3. Feng Qi, Dongkyu Lim, and Bai-Ni Guo, Explicit formulas and identities for the Bell polynomials and a sequence of polynomials applied to differential equations, Revista de la Real Academia de Ciencias Exactas Fisicas y Naturales Serie A Matematicas 113 (2019), no. 1, 1--9; available online at https://doi.org/10.1007/s13398-017-0427-2.
4. Feng Qi, Dongkyu Lim, and Yong-Hong Yao, Notes on two kinds of special values for the Bell polynomials of the second kind, Miskolc Mathematical Notes 20 (2019), no. 1, 465--474; available online at https://doi.org/10.18514/MMN.2019.2635.
5. Feng Qi, Da-Wei Niu, Dongkyu Lim, and Bai-Ni Guo, Closed formulas and identities for the Bell polynomials and falling factorials, Contributions to Discrete Mathematics 15 (2020), no. 1, 163--174; available online at https://doi.org/10.11575/cdm.v15i1.68111.
6. Feng Qi, Da-Wei Niu, Dongkyu Lim, and Yong-Hong Yao, Special values of the Bell polynomials of the second kind for some sequences and functions, Journal of Mathematical Analysis and Applications 491 (2020), no. 2, Paper No. 124382, 31 pages; available online at https://doi.org/10.1016/j.jmaa.2020.124382.
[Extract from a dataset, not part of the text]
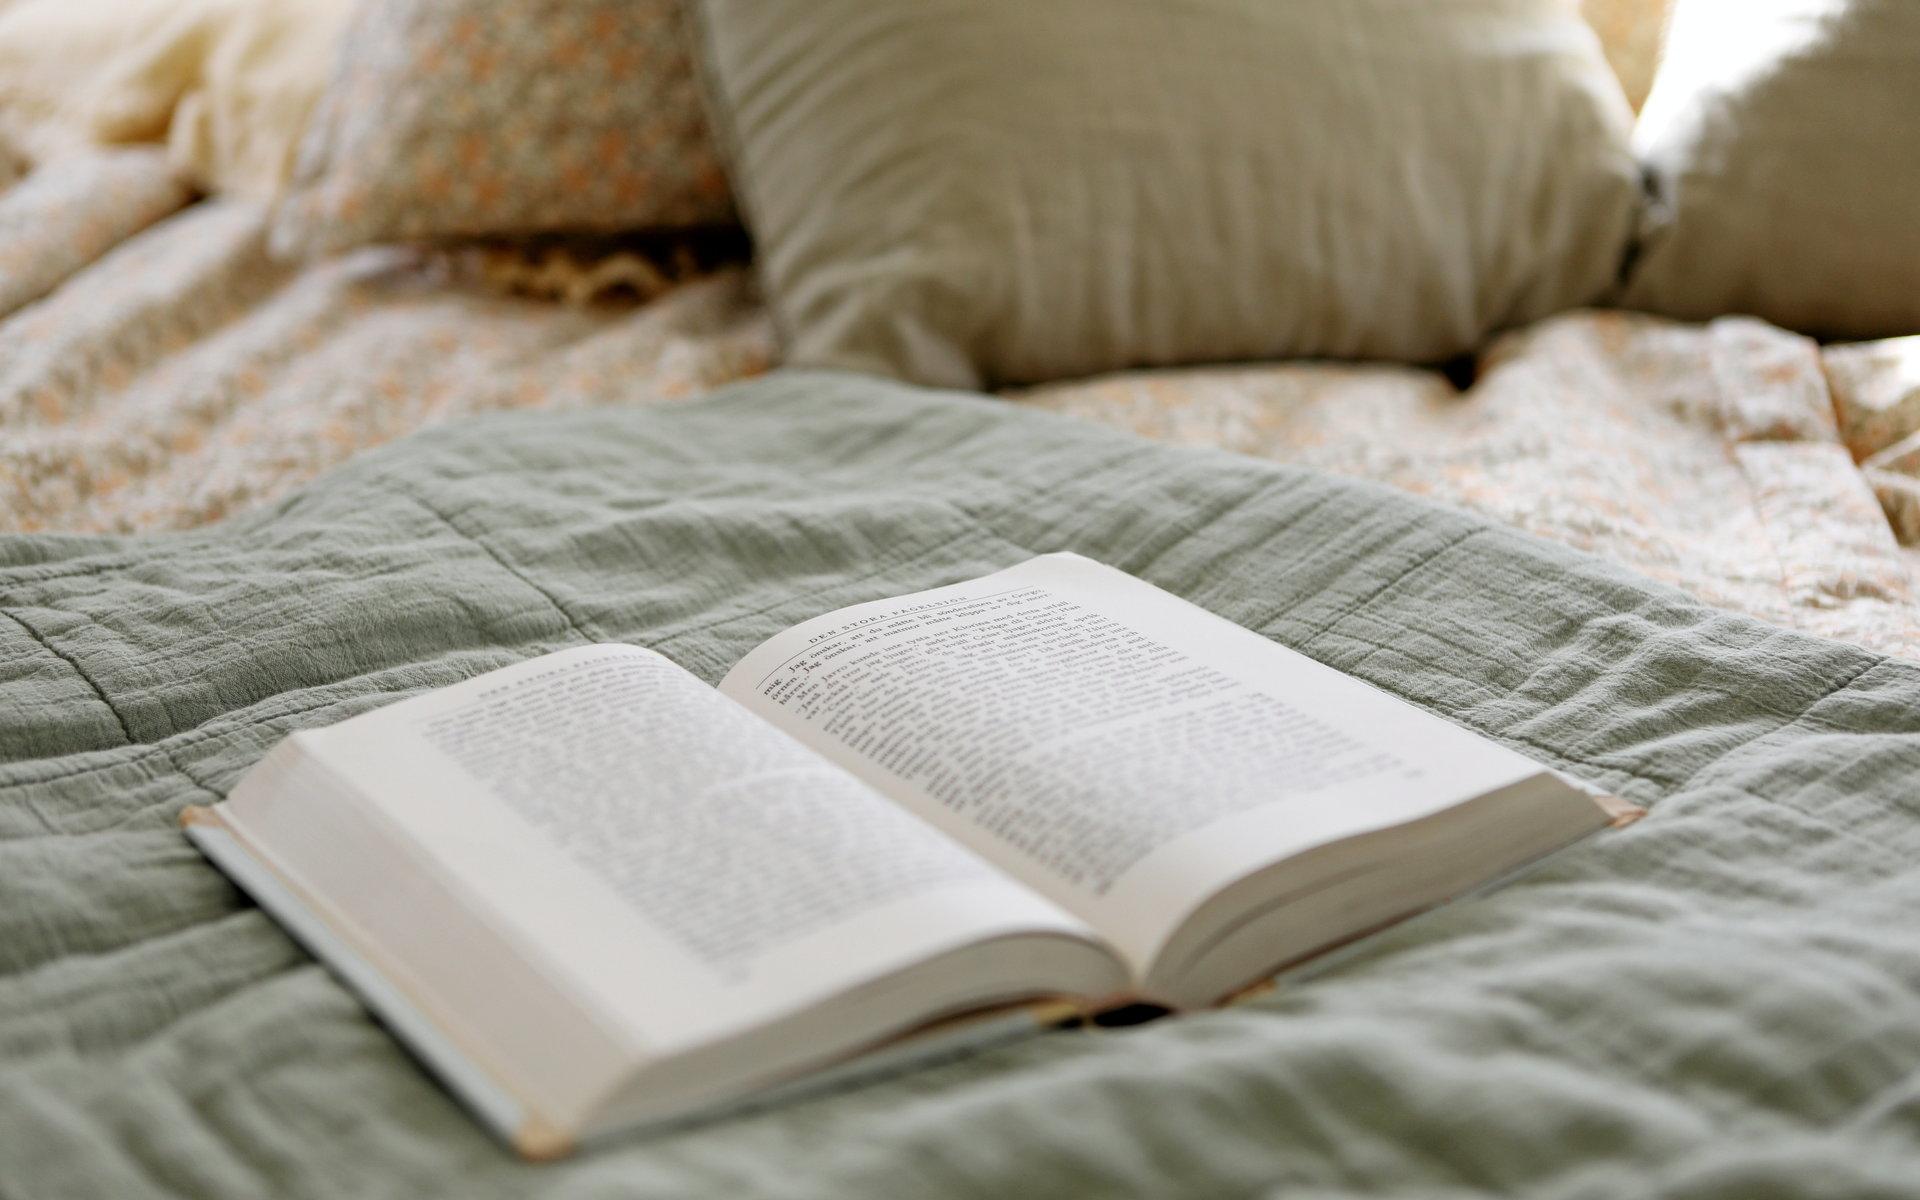 Laddat för läsning. När sängen är uppbäddad mäter den 2 x 2 meter och är större än någon av sängarna i parets hem.

7. Feng Qi, Xiao-Ting Shi, Fang-Fang Liu, and Dmitry V. Kruchinin, Several formulas for special values of the Bell polynomials of the second kind and applications, Journal of Applied Analysis and Computation 7 (2017), no. 3, 857--871; available online at https://doi.org/10.11948/2017054.

Answer 5

$\textbf{Fa'a di Bruno's formula}:$ if $g$ and $f$ are functions with a sufficient number of derivatives, then \begin{multline} \frac{d^m}{dt^m}g(f(t)) =\sum \frac{m!}{b_1!b_2!\cdots b_m!}g^{(k)}(f(t))\left(\frac{f'(t)}{1!}\right)^{b_1}\left(\frac{f''(t)}{2!}\right)^{b_2}\cdots \left(\frac{f^{(m)}(t)}{m!}\right)^{b_m} \end{multline} where the sum is over all different solutions in nonnegative integers $b_1, b_2,\cdots, b_m$ of $b_1+2b_2+\cdots +mb_m=m$, and $k:=b_1+\cdots+b_m$. Let $g(x)=x^2$ and $f(x)=\text{sech}(x)$ then $h(x)= g\circ f=\text{sech}^2(x)$. Now, use the above formula to obtain the $nth$ derivative.